Артемьев вернулся с радостным лицом. Он был доволен, что ему, кажется, удастся совершить чудо для этой женщины.
– Может быть, вы ему мой «вальтер» подарите? – спросила Таня, когда Артемьев снова сел напротив нее за стол. – Он у меня трофейный, не записанный за мной.
Ей было бы жаль, если б он согласился, но она все-таки предложила.
– Еще чего! Там, на Донском, этого добра, когда немцы сдадутся, через голову будет…

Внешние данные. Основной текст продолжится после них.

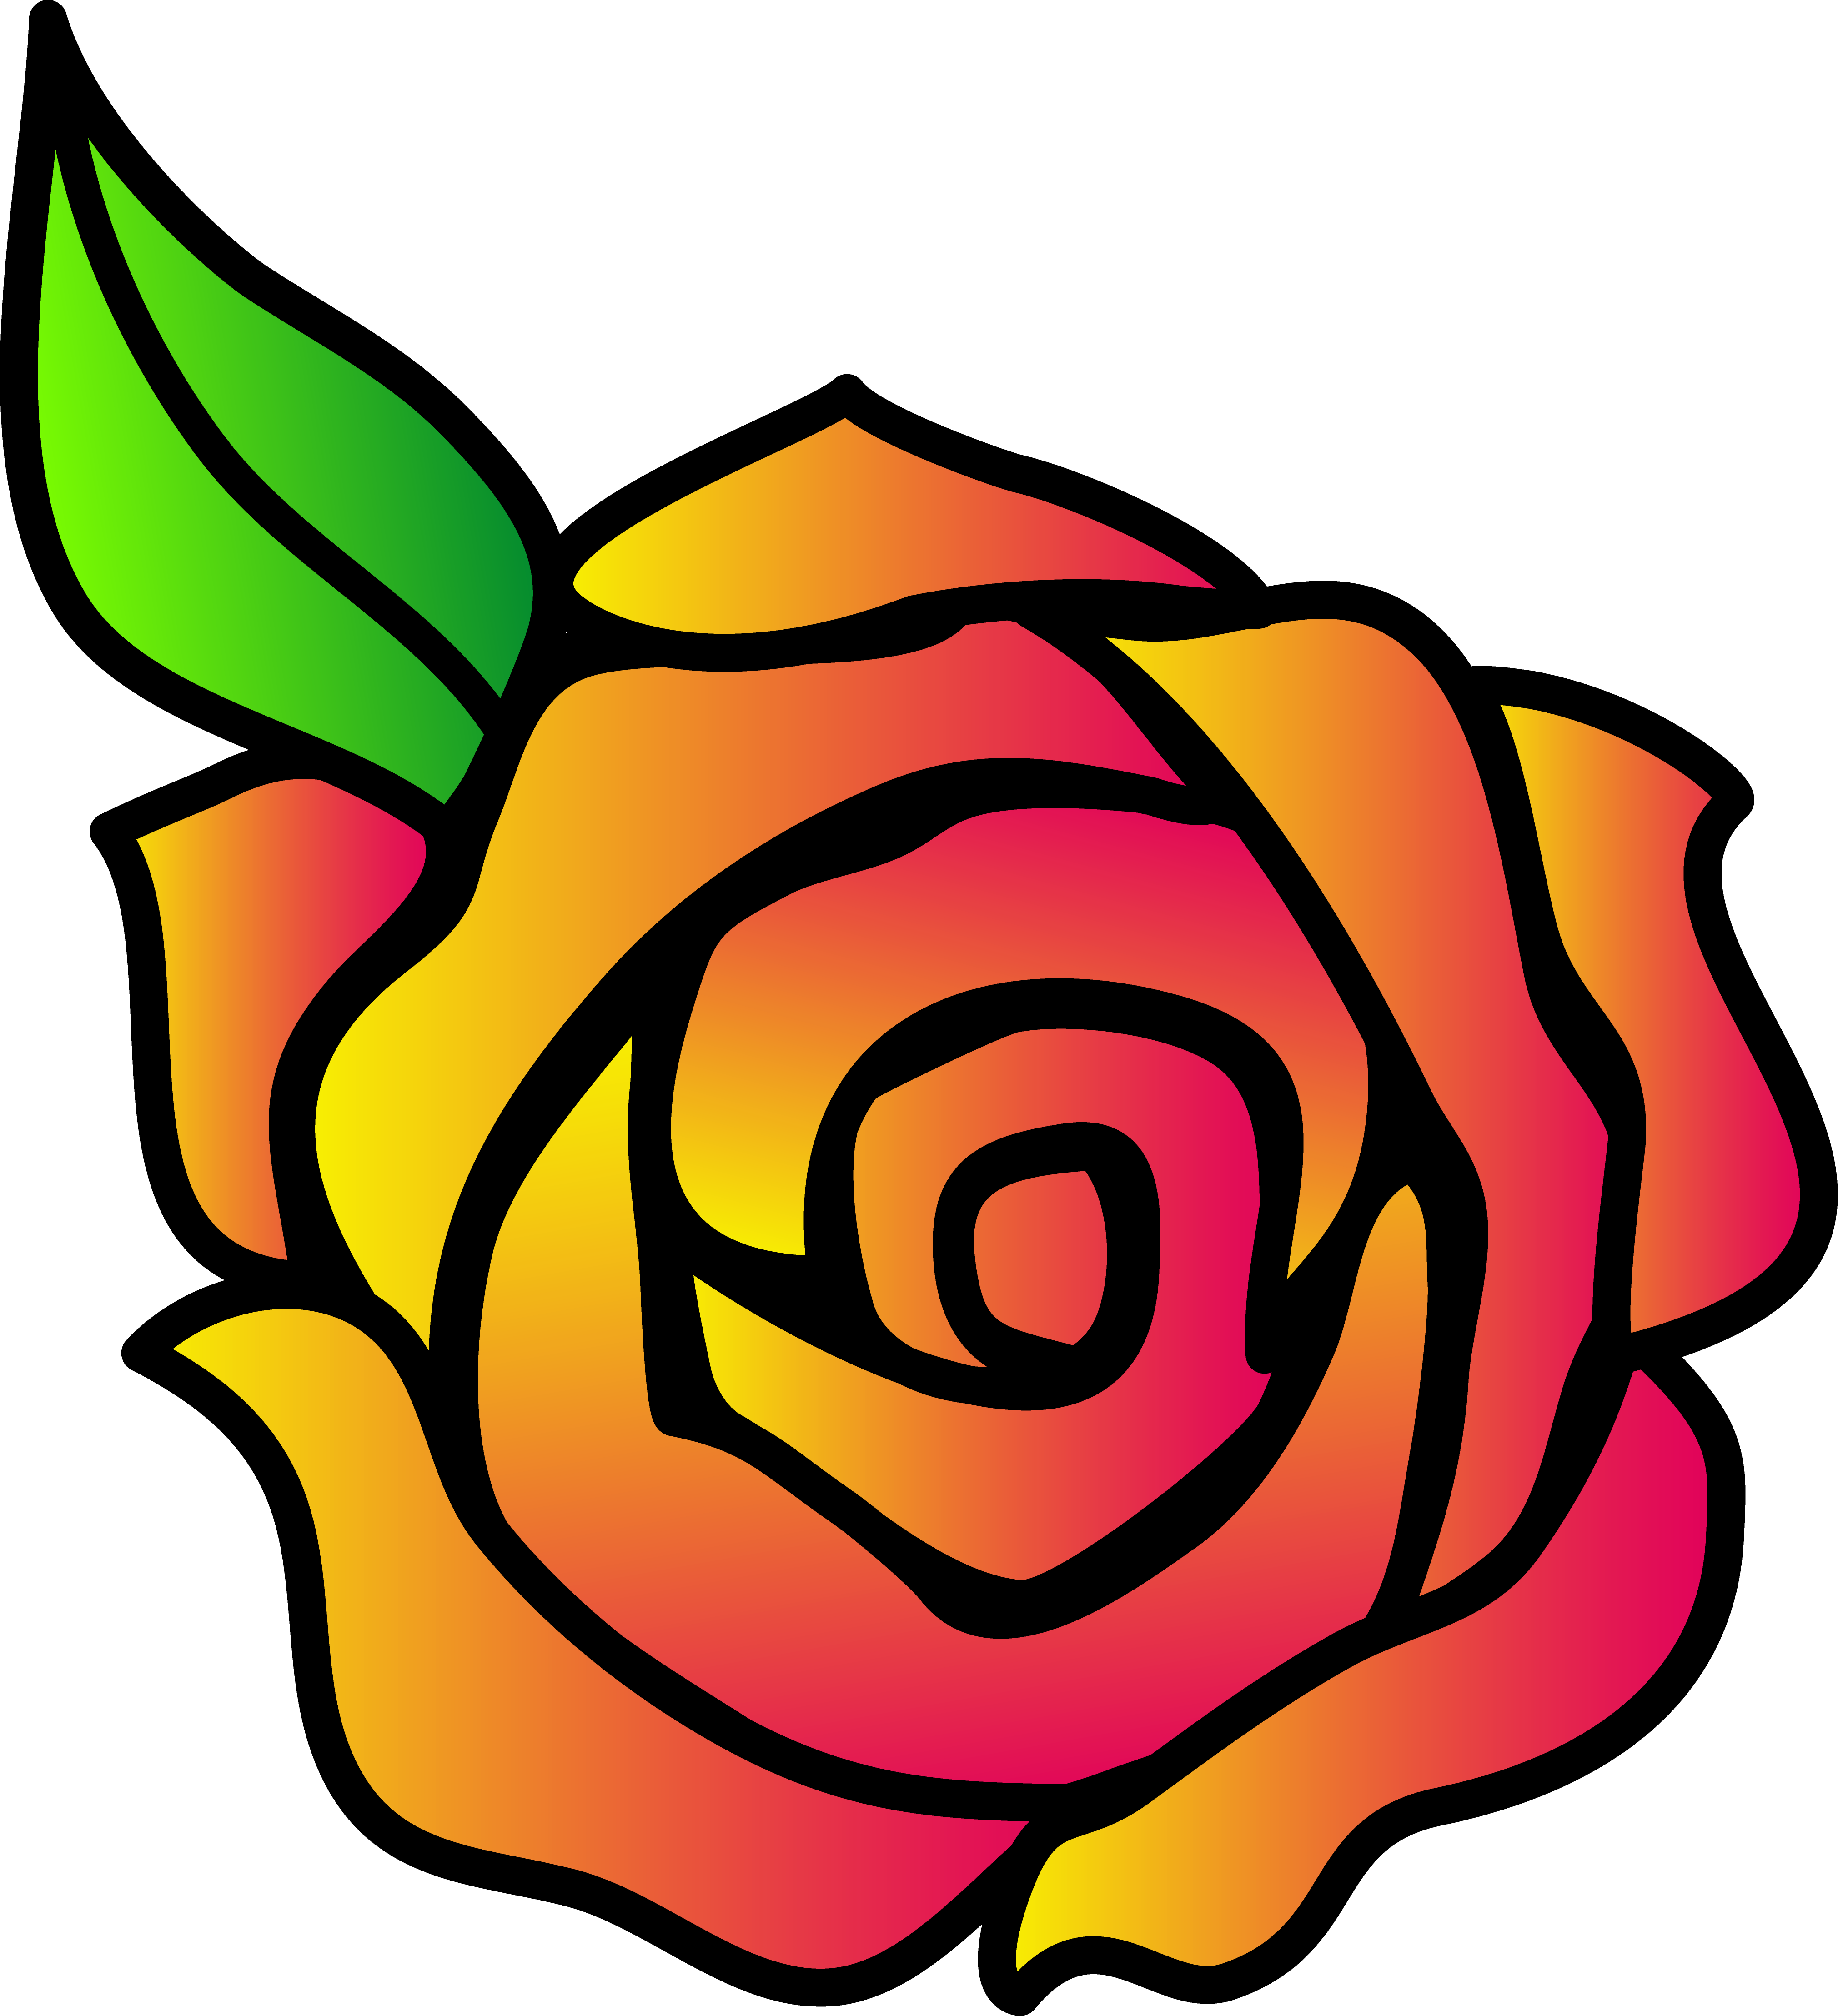 Cartoon Rose Flower Images & Pictures - Becuo

– А вы думаете, они сдадутся? – спросила Таня.
– А что же им делать?
– А мы там в тылу их ни разу в плен не брали. – Таня задумалась, потому что вспомнила, как Каширин, единственный раз за все время, изматерил ее, когда она пожалела двух захваченных в бою немолодых немцев из карательного батальона, пожалела и предложила что-то несуразное.
«Значит, тебе их жаль? – сказал тогда Каширин. – А мне их не жаль?.. Ты у меня за них просишь! А мне у кого просить? У царя небесного? Кто за чужой счет добрый, тот сволочь. Уходи… А то тебе самой прикажу их…»
Немцев из карательного батальона расстреляли, а Каширин потом неделю не говорил с нею. Обиделся, что напомнила ему о его жестокости, вынужденной, но уже привычной. Значит, и у него самого душу свербило от этого, иначе не обиделся бы, просто обругал бы, и все…
А теперь, если окруженные в Сталинграде немцы сдадутся, их будет много, очень много, так много, что трудно себе представить…
Хотя последние месяцы в газетах все время писали о тысячах и тысячах пленных, Таня плохо представляла себе целые тысячи взятых в плен немцев… Тысячи взятых в плен наших она видела – их взяли в октябре под Вязьмой, видела их издали на шоссе. А потом, когда она уже была в подполье и жила у Софьи Леонидовны, весной, в марте, большую колонну наших пленных гнали через Смоленск по их улице… И это было самое страшное и жалкое, что она видела в своей жизни, – раздетые, обмороженные пленные, которых гнали по улице, а она стояла рядом на тротуаре и ничего, ровно ничего не могла для них сделать: ни дать им кусок хлеба, ни помахать рукой, ни улыбнуться, ни заплакать, – ничего. А теперь мы сами берем в плен немцев, много немцев… Радуясь этой мысли, она все равно еще не могла привыкнуть к ней.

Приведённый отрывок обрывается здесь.